Historic house in Illinois, United States

The Charles H. Hibbard House, in the McHenry County city of Marengo, Illinois, has been listed on the National Register of Historic Places since 1979. The home, also known as the Cupola House, stood unoccupied on Grant Highway as of January 2007. In recent years the home had been classified by the Landmarks Preservation Council of Illinois (LPCI) as one of the state's threatened landmarks. In 2003 the property was listed on LPCI's "top ten most endangered" list. Some time after its 2003 the home underwent some renovation and no longer appears dilapidated on its exterior, as it did in a 2003 photo featured by the LPCI. In 2003 the house was listed as a landmark by the city of Marengo.

==Architecture==
The home is a distinctive example of Italianate architecture. The home's namesake as Cupola House comes from the octagonal cupola on its roof which provides ventilation and it is thought served as a lookout tower during the Civil War. the first floor has two back bedrooms believed to have been servant's quarters at one time. Upstairs, on the second floor, there are six bedrooms, a long hallway, a back staircase and bathroom.

==History==
The Hibbard House has a fairly illustrious history, as houses go. Construction began in 1846 at the behest of Charles Hibbard, in 1847 the home was complete and the Hibbard's moved in. The home was constructed as an exact replica of Hibbard's childhood home and contains 14 rooms. Construction cost somewhere around $16,000. The property that the home is on was purchased as a 7 acre plot from Christopher Sponable. Hibbard came to Marengo by way of Charleston, South Carolina. He was one of Marengo's first storekeepers and was a known horticulturalist who was renowned for his produce. During the Civil War it is thought that the home was used as a safe stop for runaway slaves. The cupola played a key role in that if it was safe to stop, for food and lodging, a light would be hung in the cupola window. The home also contained a secret, underground room in the yard, it had a hidden entrance near the front porch.

Hibbard died in Lawson, Missouri in 1872 and by 1874 the home was owned by Joseph Dietz who ran a machine shop in Marengo around 1877. Dietz married Caroline Sponable, the first white child to be born in Seneca Township. Dietz owned the home until 1894 when records show that A.H. (C.H or H.L.) Hale bought the home and held it until 1950. A local teacher, Jane Stanford, purchased the home in 1950 and owned it until 1955. Stanford was well known as an educator and community leader.
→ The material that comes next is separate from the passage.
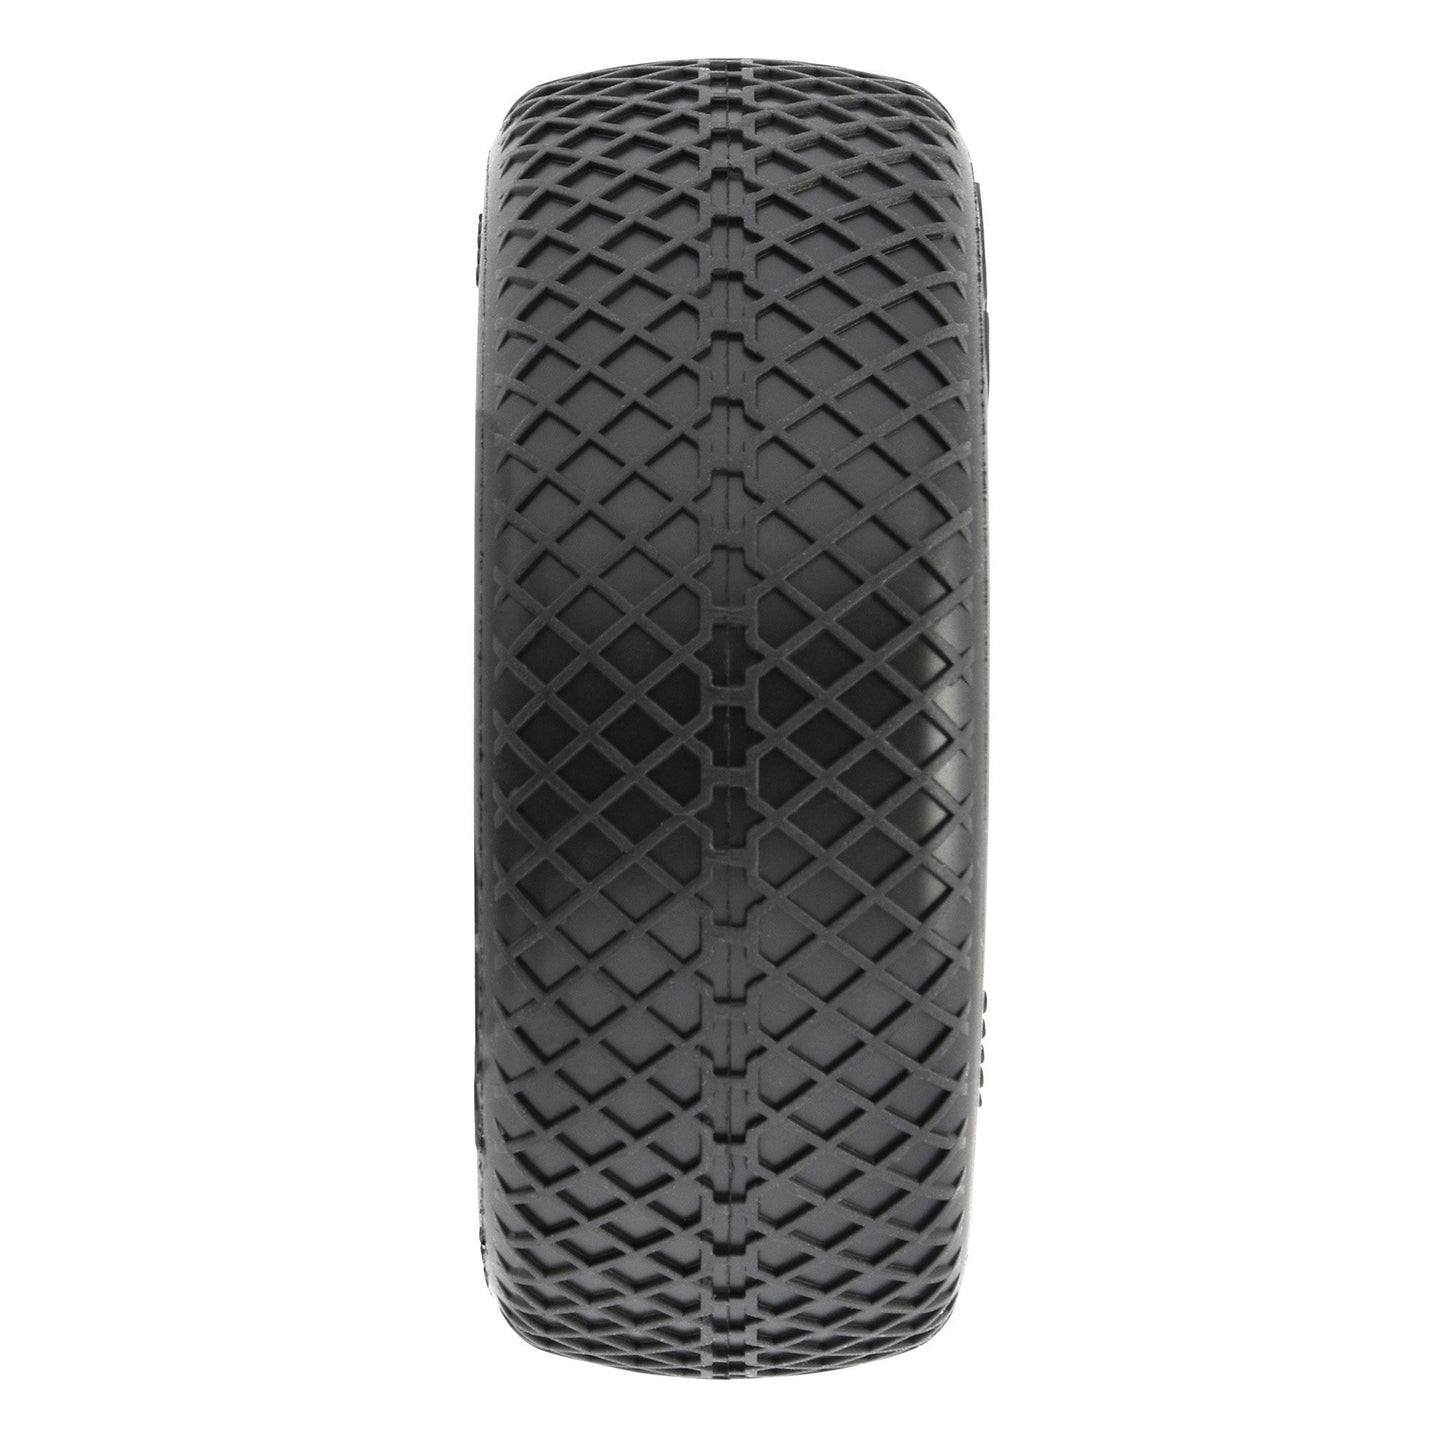 1/10 Viper Medium Soft 4WD Front 2.2" Off-Road Buggy Tires (2) - Dirt Cheap RC SAVING YOU MONEY, ONE PART AT A TIME

Mr. and Mrs. Francis (Mary) Muzzy owned the home from 1956 to 1980. Jane Stanford's niece, Mary Stanford Muzzy (daughter of Charles Stanford, Jane's brother) and her husband purchased the home from her aunt's estate. Mary S. Muzzy Neal has owned the home since 1980. Mary Susan Neal lives in California and created a life there since before 1972 when she was admitted the state bar of California as an attorney.